На Вогулке играла гармошка, и два парнячьих голоса цеплялись за нее. Только и долетел до Машки обрывок:
XX
Такого не помнят даже старики. В ночь под Новый 1928 год над широкими просторами междуречья Иртыша и Тобола дохнули туманной оттепелью азиатские степи и на прокаленные стужей снега Сибири хлынул дождь. Местами он разразился ливнем, и в полойных заломах обмякли и просели сугробы, испортились дороги. А потом своим урочным порядком, как тому и должно быть, ударили по мокру крещенские морозы, и в броневую наледь заковало снежные суметы и зимники. По въезду с Туры под Устойным нечего было и думать подняться ни с возом, ни порожняком, даже кованые кони не держались на гололеде. Зато ребячьи санки выносило по насту почти до реки и так раскатывало на крутояре, что ветер рвал шапки и шубную одежонку брал навылет.
Крестьянский народ, всегда живущий завременно, примеривал одну половину года к другой, и неурочная мокрота падала на макушку лета, значит, в страду ждать надо такую же невидальщину, засуху или какой другой недород, от которого или травы загинут, или, того хуже — хлеб издастся немоглый.
Выходило, что год сулился нелегкий. Да и сам-то год был с Касьяном, високосный. А Касьян остудный добром не обрадует.
Кирилиха, мать Якова Умнова, в канун крещения над дверями в доме, хлеву и амбаре начертила подмоченным мелом желтые обсыпающиеся кресты, суеверно обнадежив себя от всякой бесовской порчи.
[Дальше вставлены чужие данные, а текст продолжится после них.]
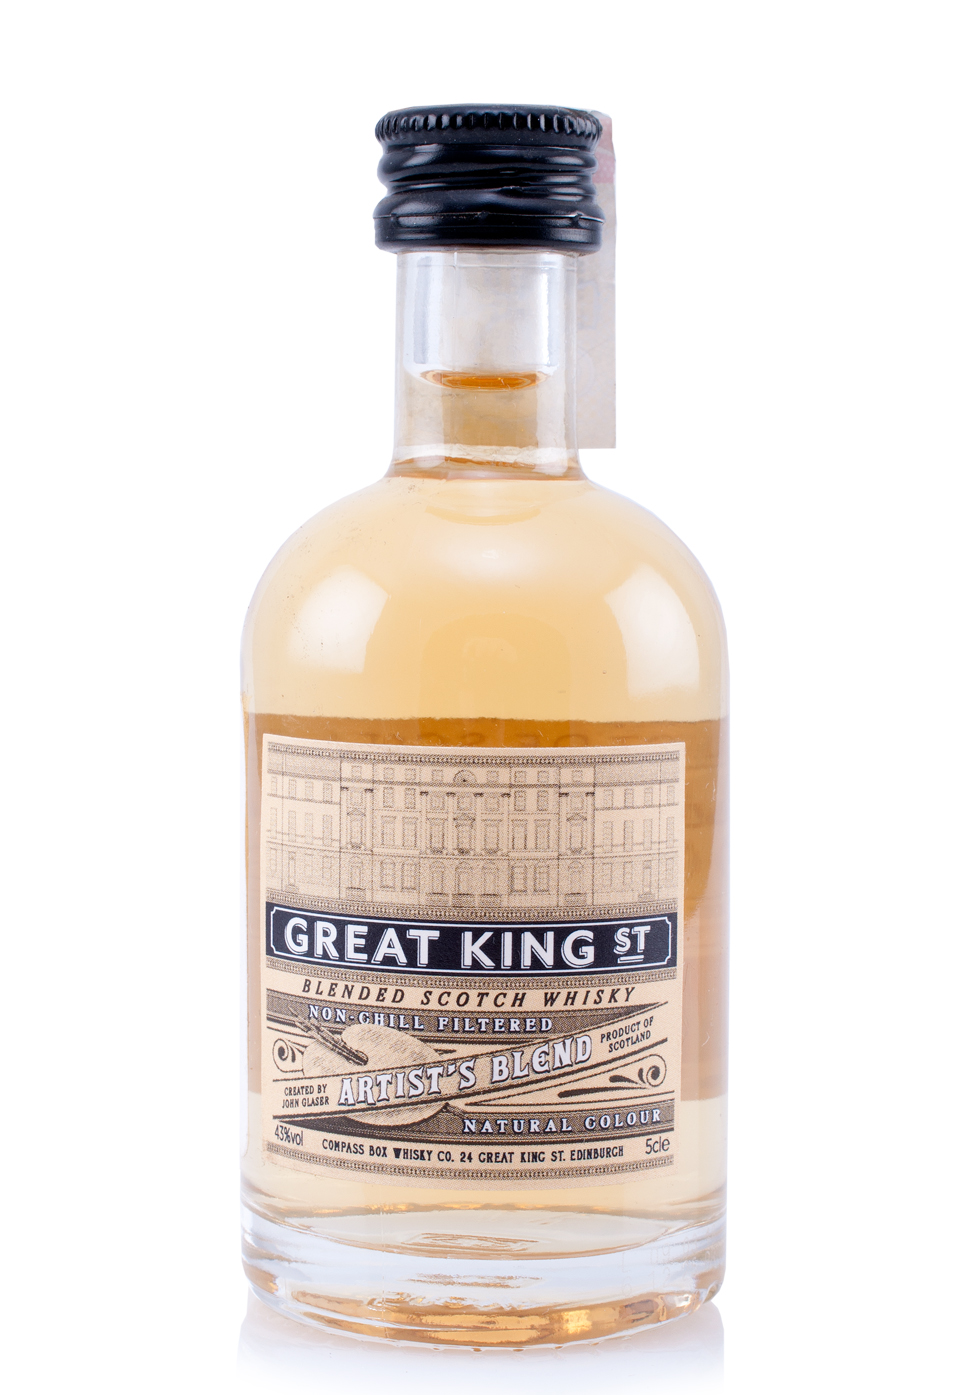 Whisky Great King Street by Compass Box, Artist's Blend (0.05L)
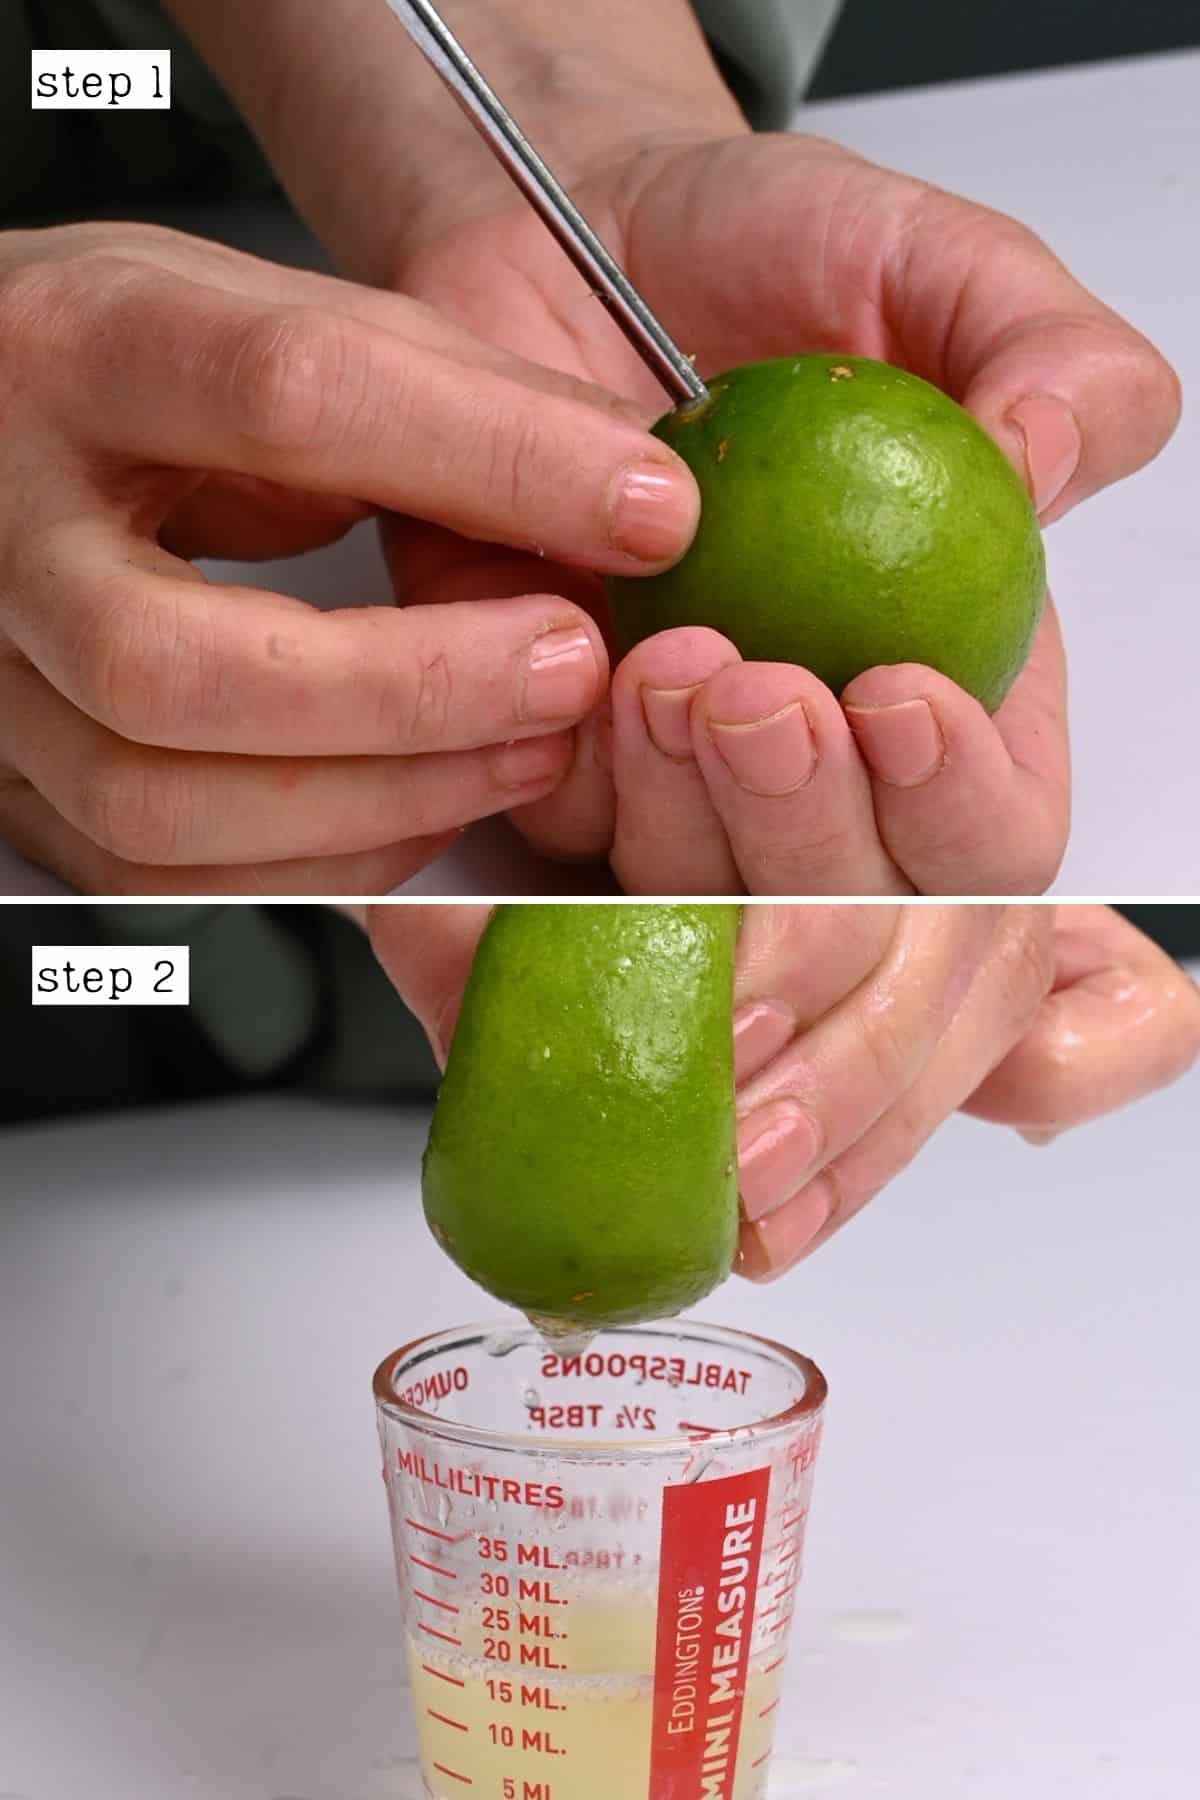 Steps for juicing lime by squeezing it

Оставалось еще закрестить ворота, но на крыльцо вышел Яков в пимных отопках на шерстяном носке и поднялся на мать, что она позорит его своей набожной темнотой.
— Этими несуразными поступками, матка, право, гонишь из дому. Поставлю кровать в сельсовете — нету другого пути жизни.
— Яшенька, околеть на месте, остатный раз.
— Яков Назарыч, — закричала с высокого сугроба Валентина Строкова и помахала председателю бумажкой. — Срочное.
Она хотела спуститься с обледеневшего сувоя, но поскользнулась и въехала в незапиравшиеся заснеженные с начала зимы ворота.
— Ты что, Валька. Ты что, окаянная, — напала на секретарку Кирилиха. — Куда ты его опять? Ведь воскресение сегодня, а тебя лешак носит. У парня одни скулья остались. Вы что сцепились, а? У нас дров почти ни полена. По хозяйству ему надо что сделать ай нет?
Яков помог подняться Валентине, взял у ней бумажку и, не читая, пошел в избу. Валентина, поздоровавшись с Кирилихой, пошла следом.
В избе было тепло. За печкой блеяла оягнившаяся овечка. На лавке валялось ружье и крупный убитый заяц, которого обнюхивал головастый кот с отмороженными ушами.
В письме говорилось:
«Председателю Устоинского сельского Совета тов. Умнову. Вам надлежит явиться в Ирбитский окрик в понедельник утром для дальнейшей поездки в командировку в город Омск в составе окружной делегации.
«Вот как», — подумал Умнов и надел свою кожанку, неприятно чувствуя, что она стала садиться на лопатках.
— Со мной Деревянко служил в саперах, из Омска был. Не хаял город, — сказал Яков, не зная от радости, о чем думать и за что взяться перед большой дорогой.
— Может, встретитесь, — заулыбалась Валентина.
Вошла Кирилиха с деревянным ведром. Починенной рукавицей осадила шаль на затылок. Разношенные пимы у ней залиты водой и обстыли. В тряпичном лице усталость. — За дровами-то думаешь ли, парень?
— Филин привезет. Скажу. Я ночью уеду. Может, неделю не буду.